Girabola arranca com tropeço do campeão Petro no Dundo

Pela primeira vez em muito tempo, foi o Dundo, capital da Lunda-Norte, e não Luanda, a receber o pontapé de saída da 49.ª edição do Girabola

O relógio marcava 15 horas quando o árbitro apitou para o início da partida, sob o olhar atento dos adeptos que fizeram questão de marcar presença numa tarde histórica para o Desportivo da Lunda-Sul, em casa emprestada. 

O Petro de Luanda chegava com a pressão habitual de quem carrega o peso das conquistas.
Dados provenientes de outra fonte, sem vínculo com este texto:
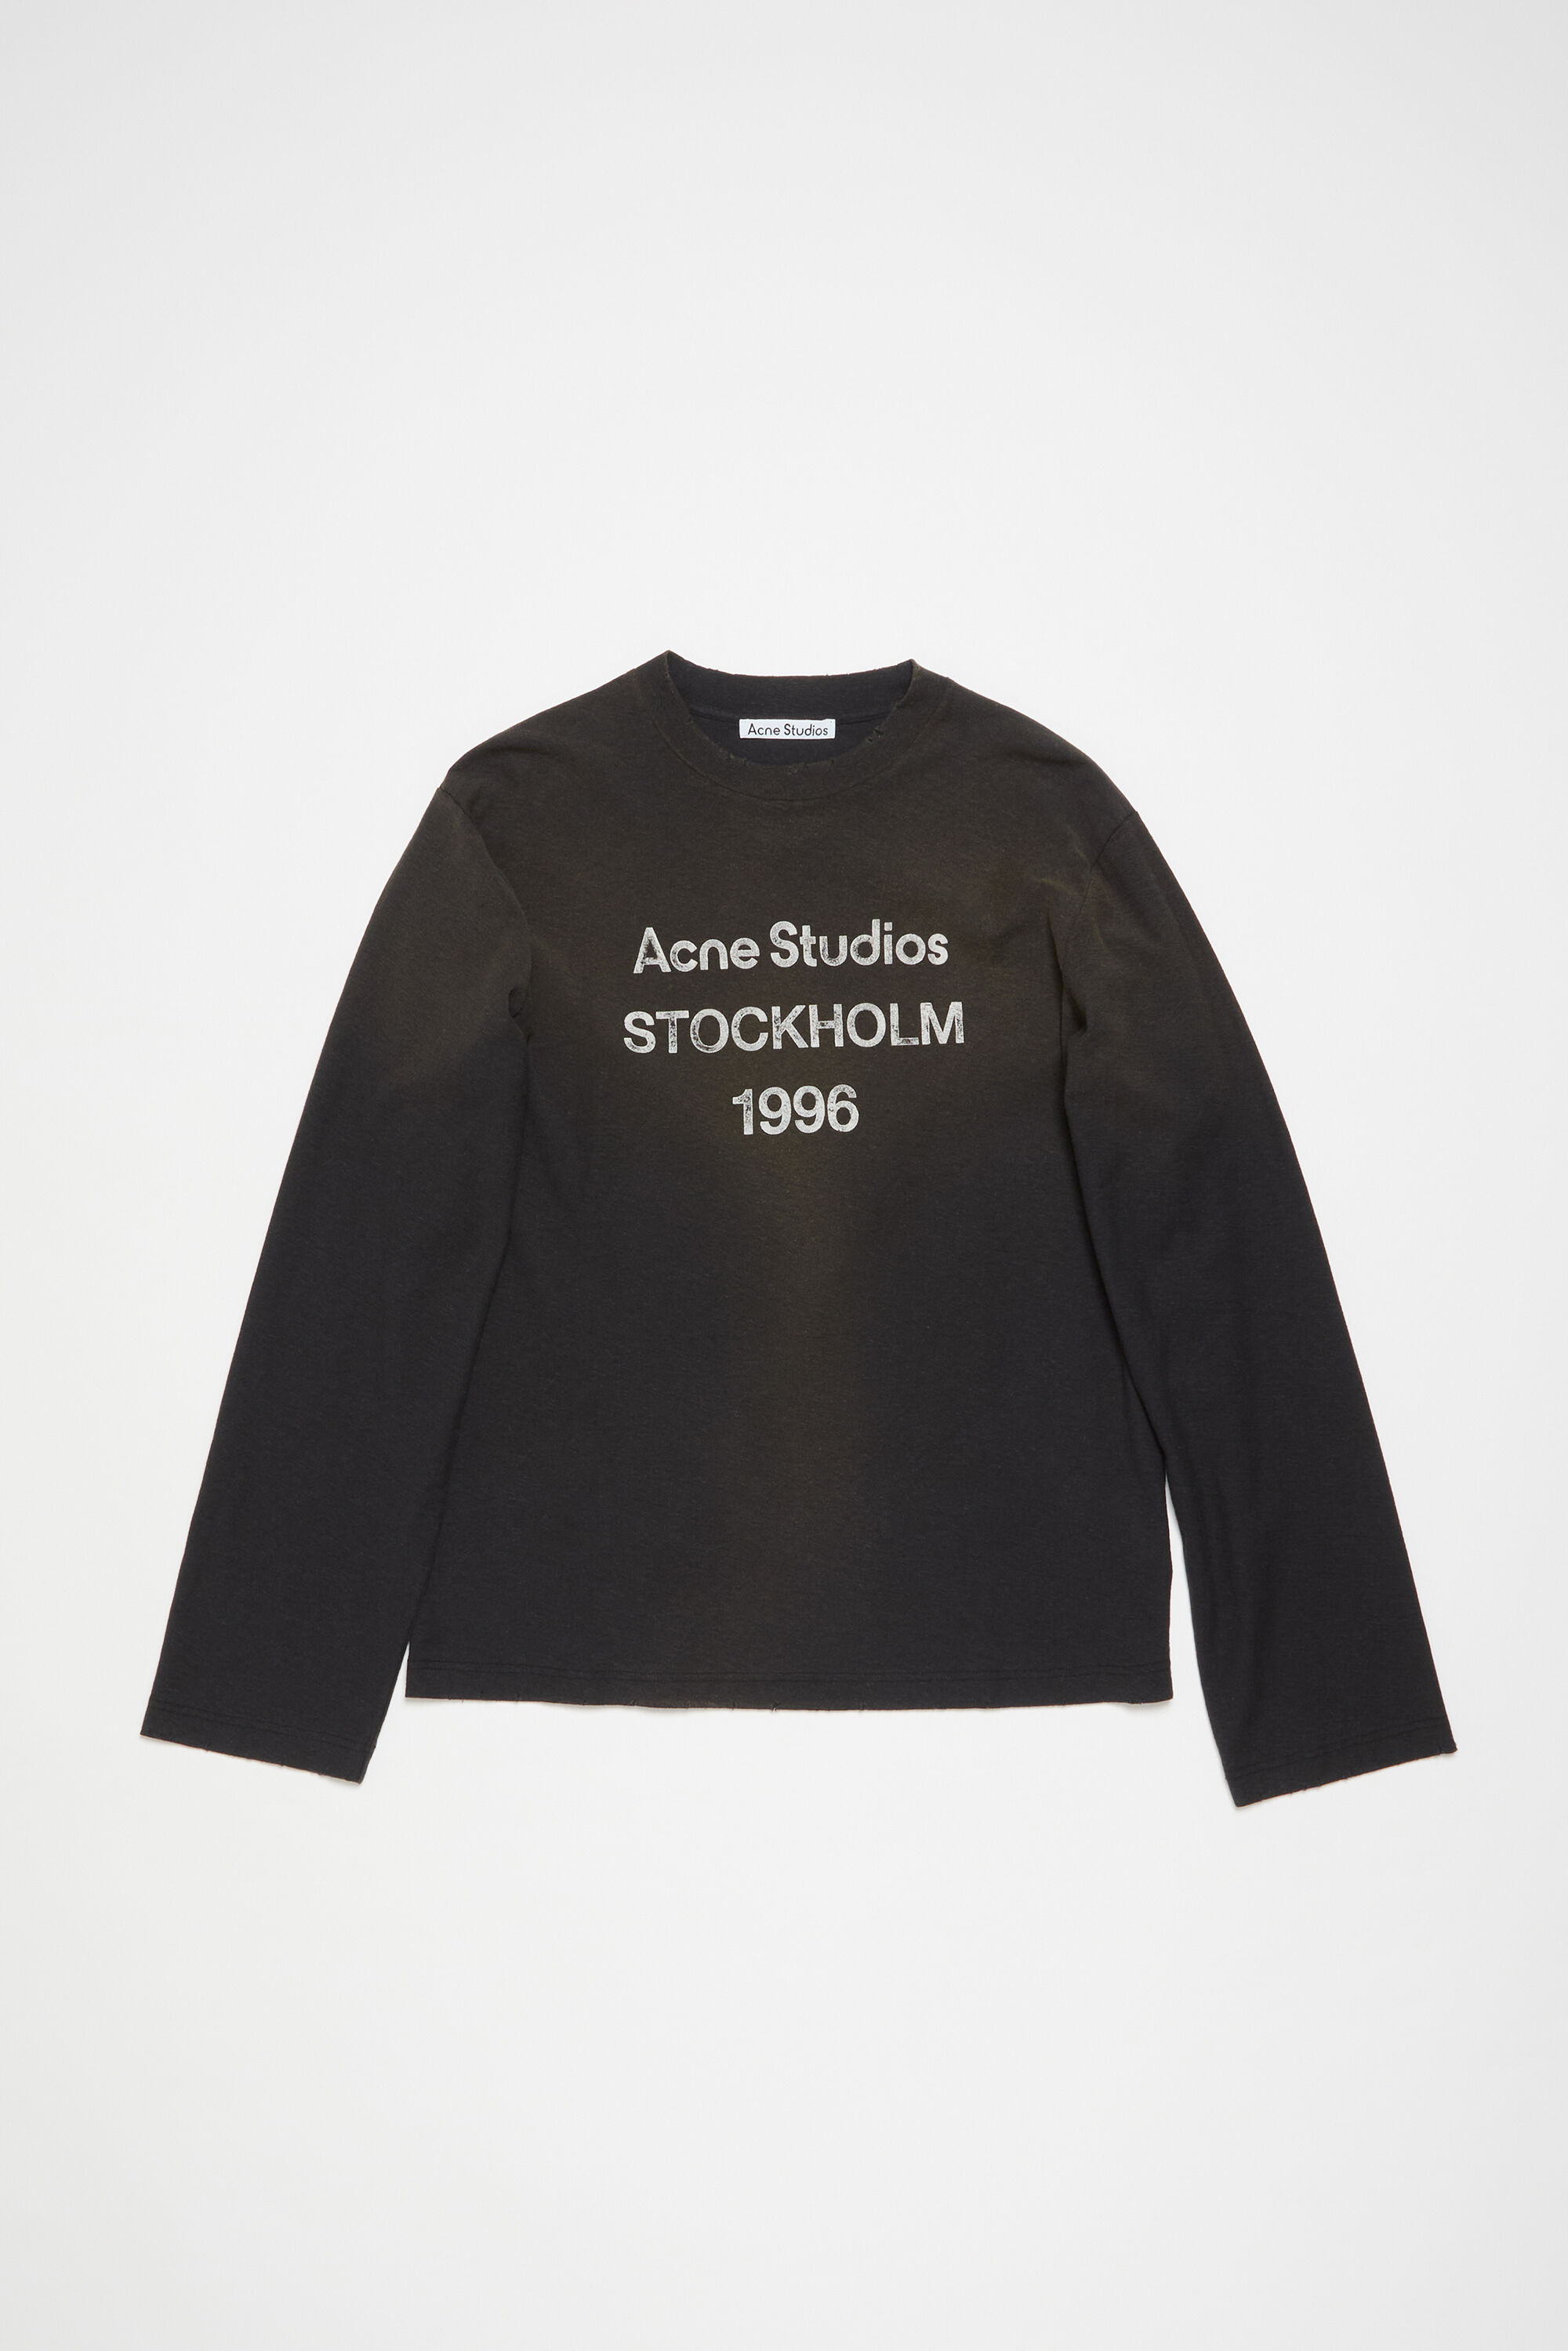 Acne Studios フェイデッドブラックTシャツ定価44000円

Sob o comando de João Pedro Sousa, os tricolores tinham um único objetivo traçado: começar com vitória a defesa do título. Mas o futebol, muitas vezes, escreve as suas próprias linhas, e estás às vezes são tortas, mas erradas. Depois de noventa minutos de luta, entrega e algum nervosismo natural de início de época, nem um lado nem o outro conseguiu inclinar a balança a seu favor.

O marcador não se mexeu e o 0-0 foi o resultado final.Um resultado que, à primeira vista, pode parecer pouco empolgante nas estatísticas, mas que carrega o significado de um ponto ganho para o anfitrião e de dois perdidos para o favorito. Para o Desportivo da Lunda-Sul foi um forte sinal do quer ser esta época para os grandes. Para o Petro fica o alerta: a estrada rumo ao Hexa começa mais dura do que se esperava.

Depois da conquista da Supertaça, o Petro de Luanda foi travado.E assim, entre aplausos moderados e suspiros de quem queria golos, o Girabola 2026/27 deu os seus primeiros passos — prometendo, nos próximos jogos, muito mais emoção.